Gangtok: On May 24, a resident of Bihar died of COVID-19 in Sikkim, and his next of kin and community wanted a burial for him. Unfortunately in Sikkim, cremation is the only way the COVID-19 dead bodies are put to rest.
In the 240 COVID-19 deaths in Sikkim until Thursday, there has not been a single burial. This particular incident, however, drew the attention of Bihar Chief Minister Nitish Kumar, who sent a letter to Sikkim Chief Minister Prem Singh Golay on Wednesday, requesting the body of the deceased to be handed over to the Bihar government to carry out a proper burial.

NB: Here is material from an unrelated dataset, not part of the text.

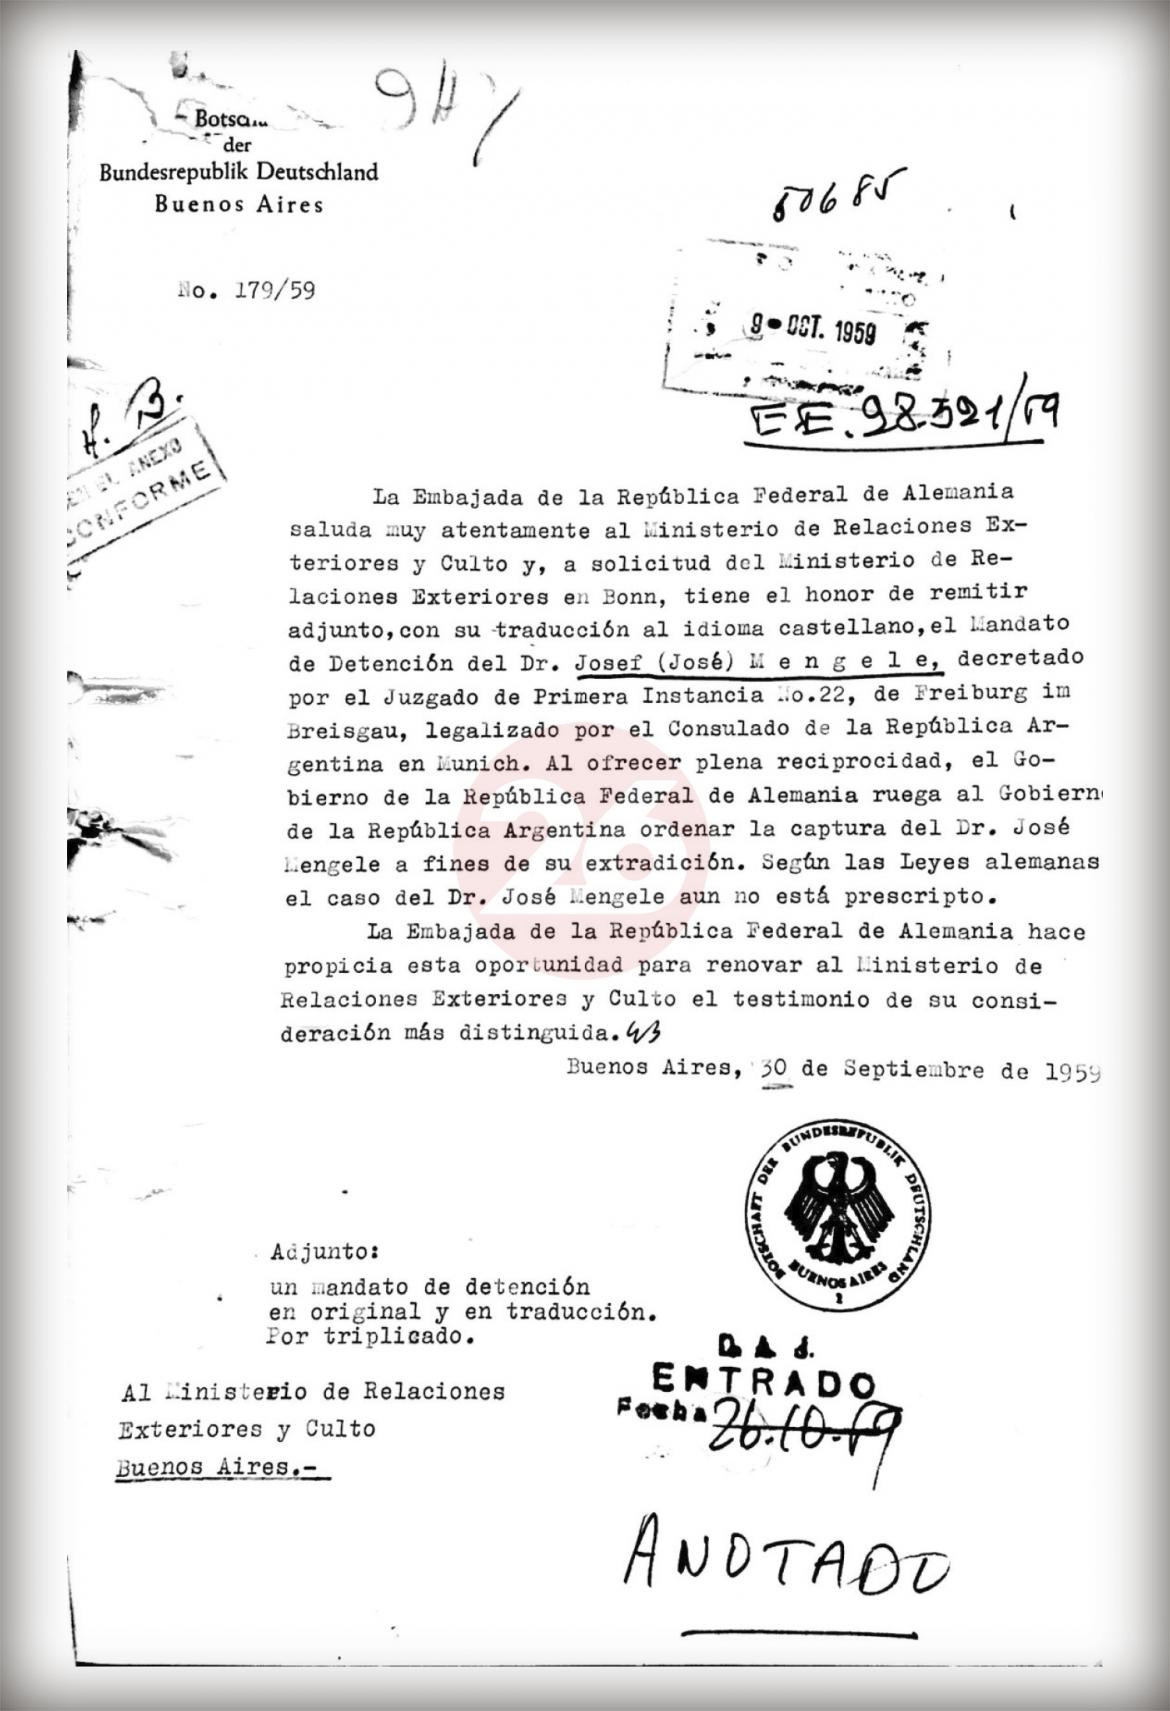 Mengele en Argentina, documentos por extradición
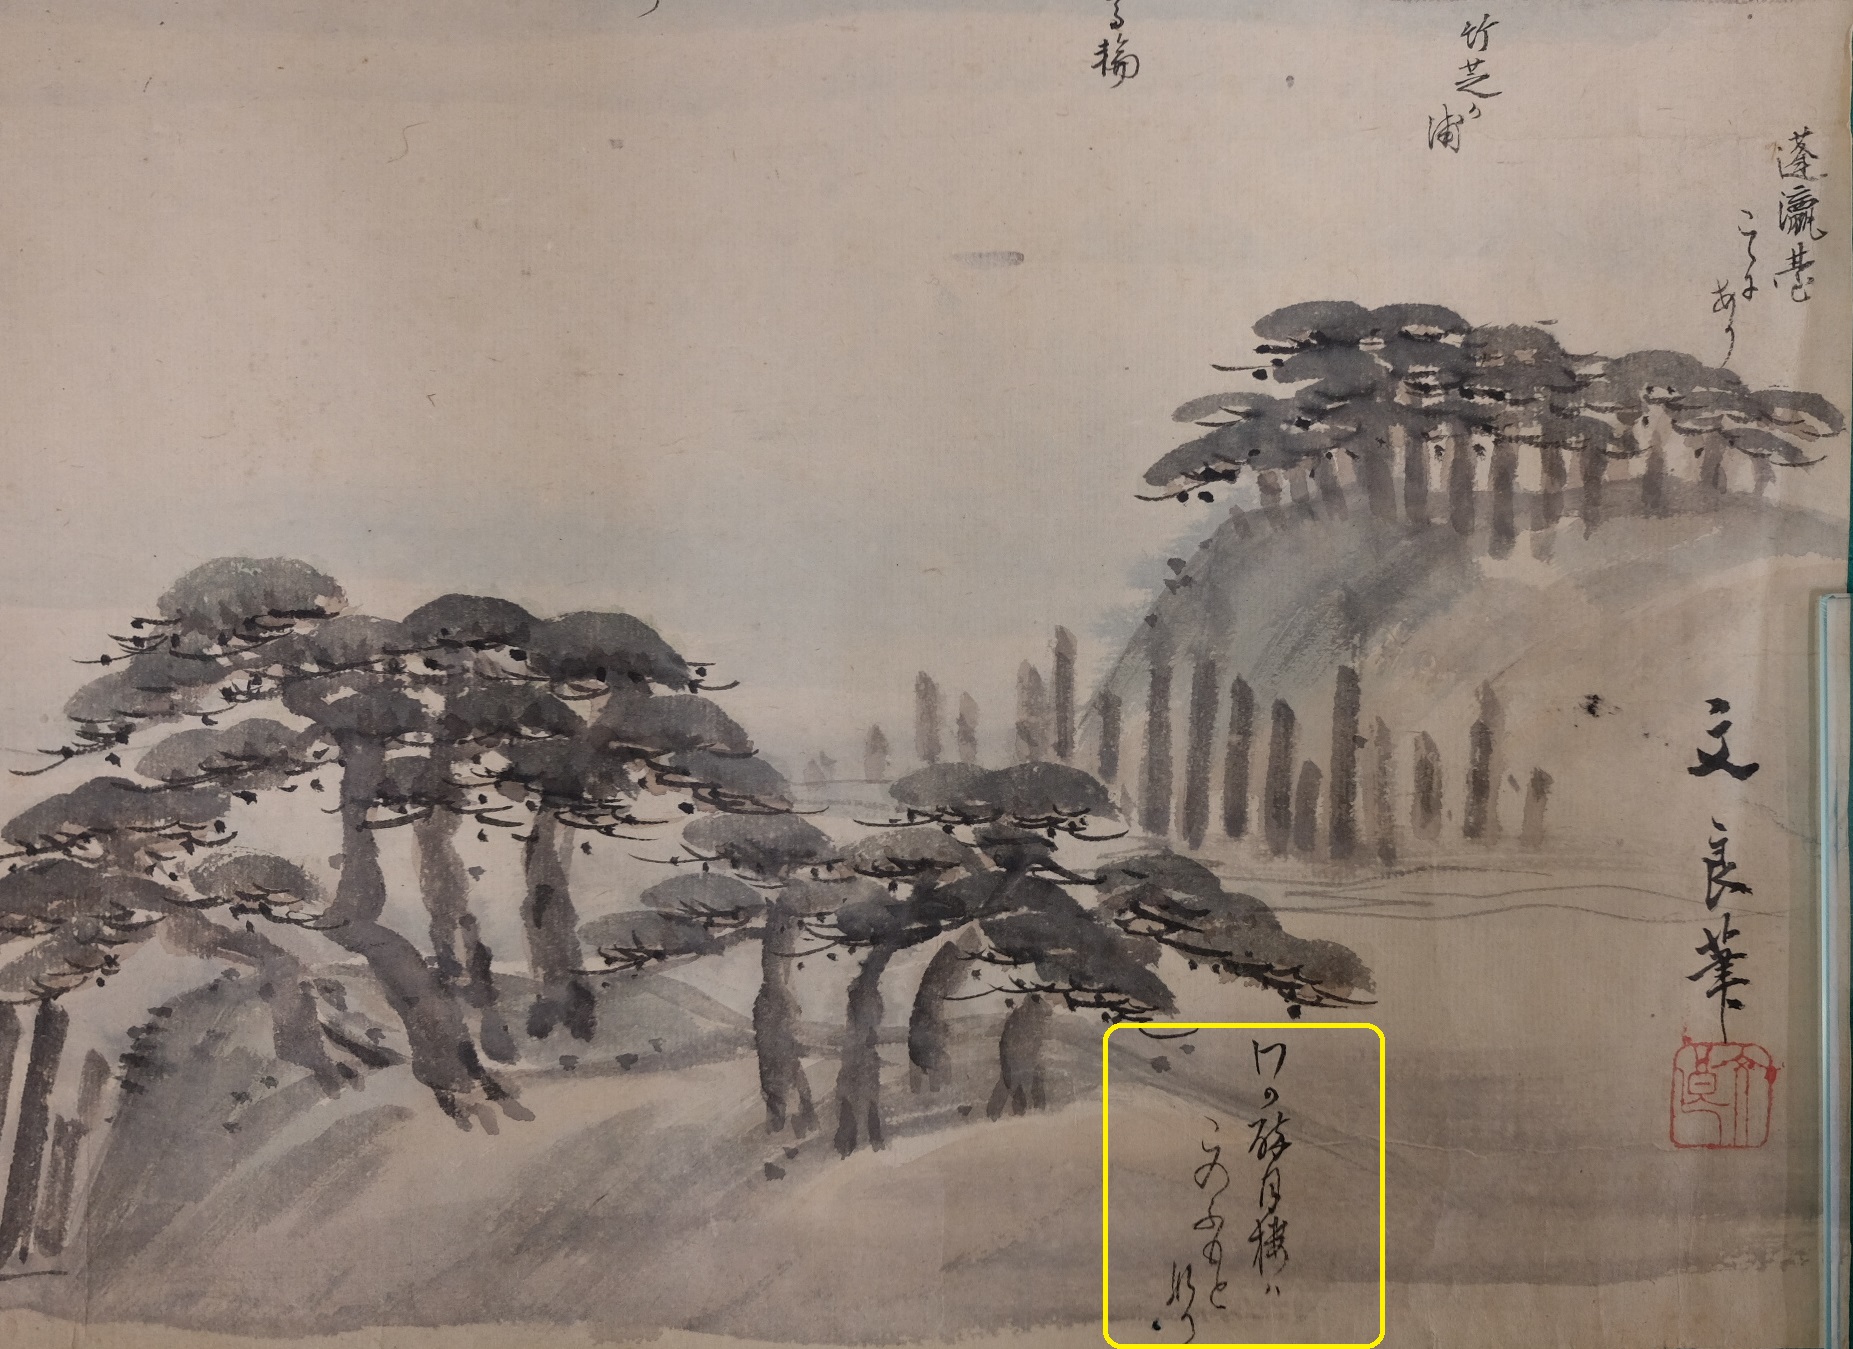 星野文良画「海浜眺望図」酔月楼がある場所について，田内月堂の記述箇所

In his letter to Golay, the Bihar CM said that Nurul Huda had breathed his last in Gangtok on May 24 following “COVID-19- related complications”.
The deceased belonged to Kishanganj district in north Bihar and a request was made by the administration there, on behalf of family members, to its counterpart in Gangtok for handing over the body.
On the day of Huda’s death, the Sub Divisional Magistrate of Kishanganj had written to the Sub-Divisional Magistrate of Gangtok, stating “the State of Bihar doesn’t prohibit in bringing such dead body to his native place in Bihar.”
“But, this request has not been accepted so far. It is essential that the customary rights of the deceased and their family members are respected…..I request you to personally look into the matter and facilitate the early release of the body”, Nitish Kumar’s letter to the Sikkim CM added.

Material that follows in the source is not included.